I think it's safe to assume that some implementations (and all if you use glDrawElements) are simply going to mark the entire VBO as in use until the draw happens, and thus the partial rewrite is going to block as if there was a conflict, even if there was not.

Can we do anything about this? Besides falling back to an "orphaned" approach where we get a fresh buffer each time, our alternative is to use the more exact APIs from ARB_map_buffer_range or APPLE_flush_buffer_range. With these APIs we can map only the part of the VBO we know is not in use, with the unsynchronized bit set to avoid blocking because the other half is pending. We can use flush explicit to then flush only the areas we modified. (With the 3.0 APIs we can also use the discard range option to simply say "we are rewriting what we map".)

Of course, this technique isn't without peril - all synchronization is up to the client. The main danger is an over-run: your app is so fast that it needs to modify a range that the GL isn't done with - we made it all the way around our ring buffer. Probably the safest way to cope with this is to put explicit fences in place to wait until the last dependent draw call that we issued is finished.
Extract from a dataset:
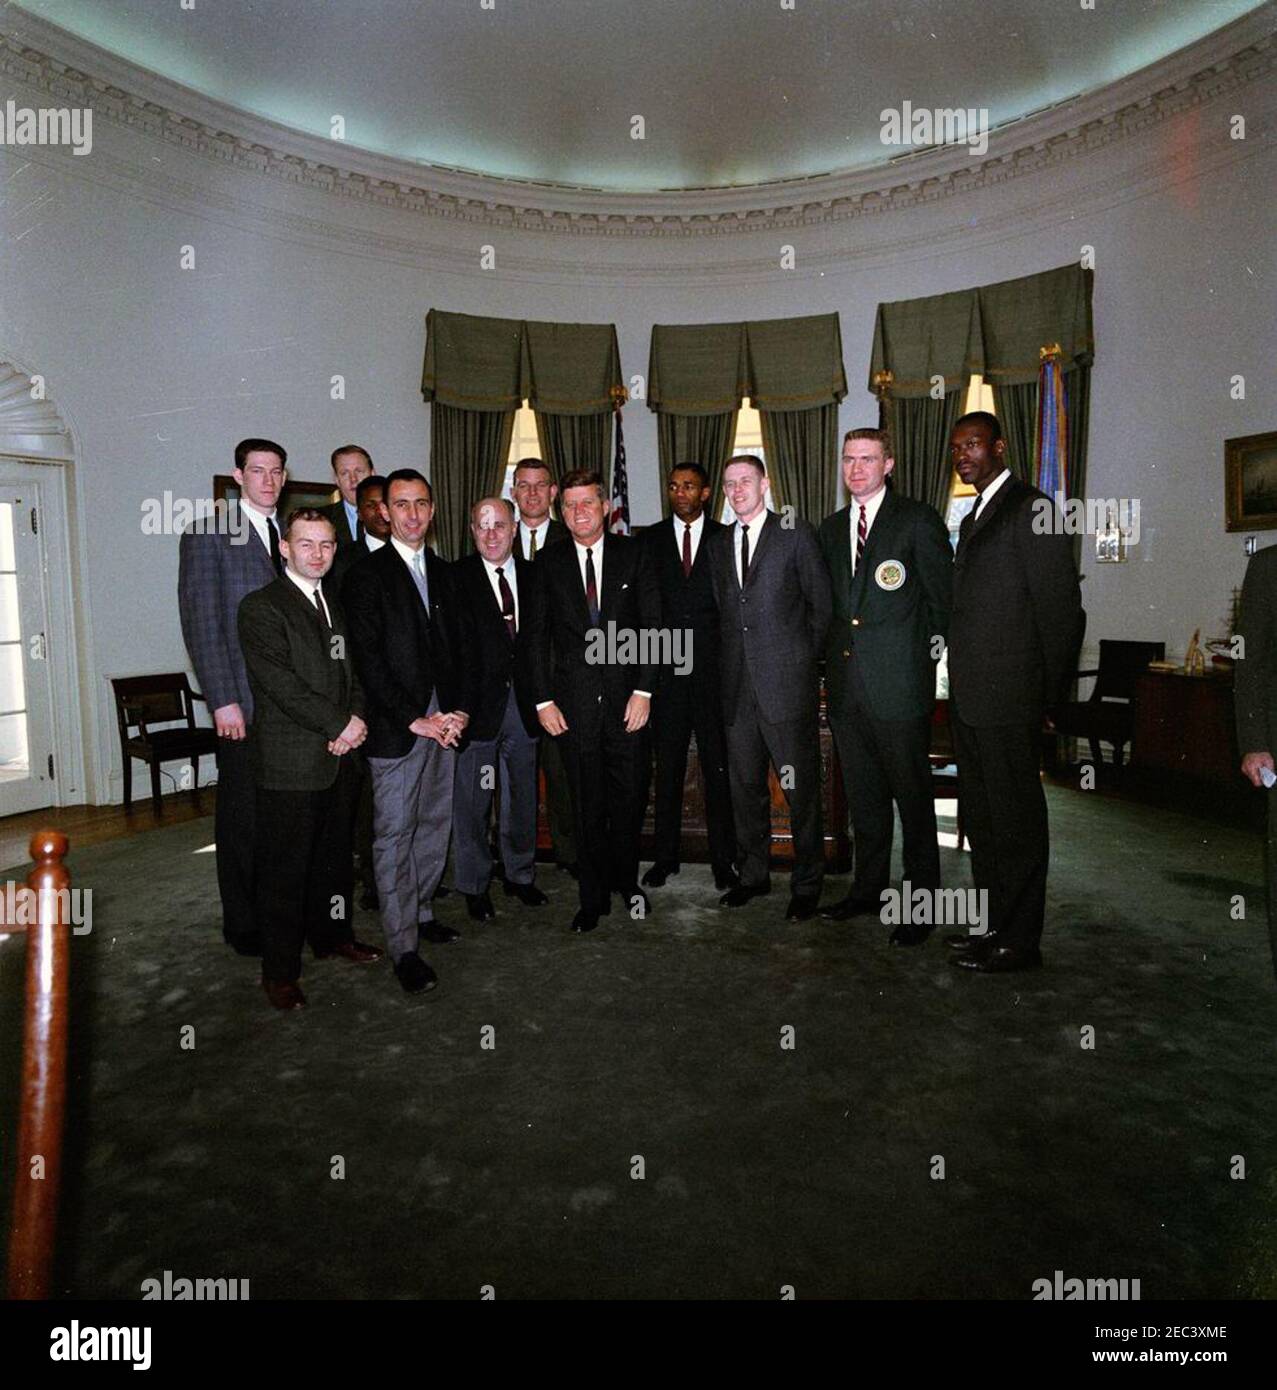 Visite de l'équipe de basket-ball Boston Celtics, 13:00. Les membres de l'équipe de Boston Celtics de la National Basketball Association (NBA) visitent le Président John F. Kennedy dans le Bureau ovale lors d'une visite de la Maison Blanche. (G-D) Edward G. u0022Buddyu0022 Leroux, Jr.; John Havlicek (à l'arrière); Bob Cousy; K. C. Jones (partiellement caché derrière M. Cousy); Clyde Lovellette (à l'arrière); Coach Red Auerbach; Jim Lostoff (à l'arrière); Président Kennedy; Sam Jones; Frank Ramsey; Tom Heinsohn; Tom Sanders et Tom. Washington, D.C. [les rayures et la décoloration sont originales au négatif.] Banque D'Images

  1. There is really only a need for fences if you want to re-write data in place or do changes on a subsection of a buffer.

    The workloads I am used to dealing with, have a variety of batch sizes coming out of client code.

    The pattern we would use to deal with them efficiently, once we had the capability of non-blocking map, was to just follow the DirectX style - keep an ascending cursor, and pack subsequent batches into the same buffer until reaching the end, at which point it would be time to orphan. In this fashion, when using a 2 or 4MB buffer, it wasn't uncommon for maps/write/unmaps to outnumber orphaning events by 100 to 1.

    If you follow this pattern, and do not have workloads that entail altering already-written data for a followup batch - there is no need for fences or any sync mechanism at all - the orphaning takes care of everything.

    On OS X I'm not currently aware of any mechanism involving a VBO where the data does not land in system memory first, but maybe this has changed in Snow Leopard.

    When we were working on MapBufferRange, one of the common questions was "why is BufferSubData not good enough?" - one of the key reasons is that BufferSubData must assume the original data is in a copyable form. If the CPU is unpacking something - for example, the height field data that WoW uses for terrain chunks - BufferSubData would only be useful if the CPU first expanded said data into a temp buffer and then BSD'd from there - yielding unwanted cache pollution..

  2. An thread going on about this that's relevent:

    VBOs strangely slow?

    The posts at the end being the most interesting, particularly Rob's.

  3. paranoidatwork = Rob :)

    Seems like this topic has been popping up more, that's for sure.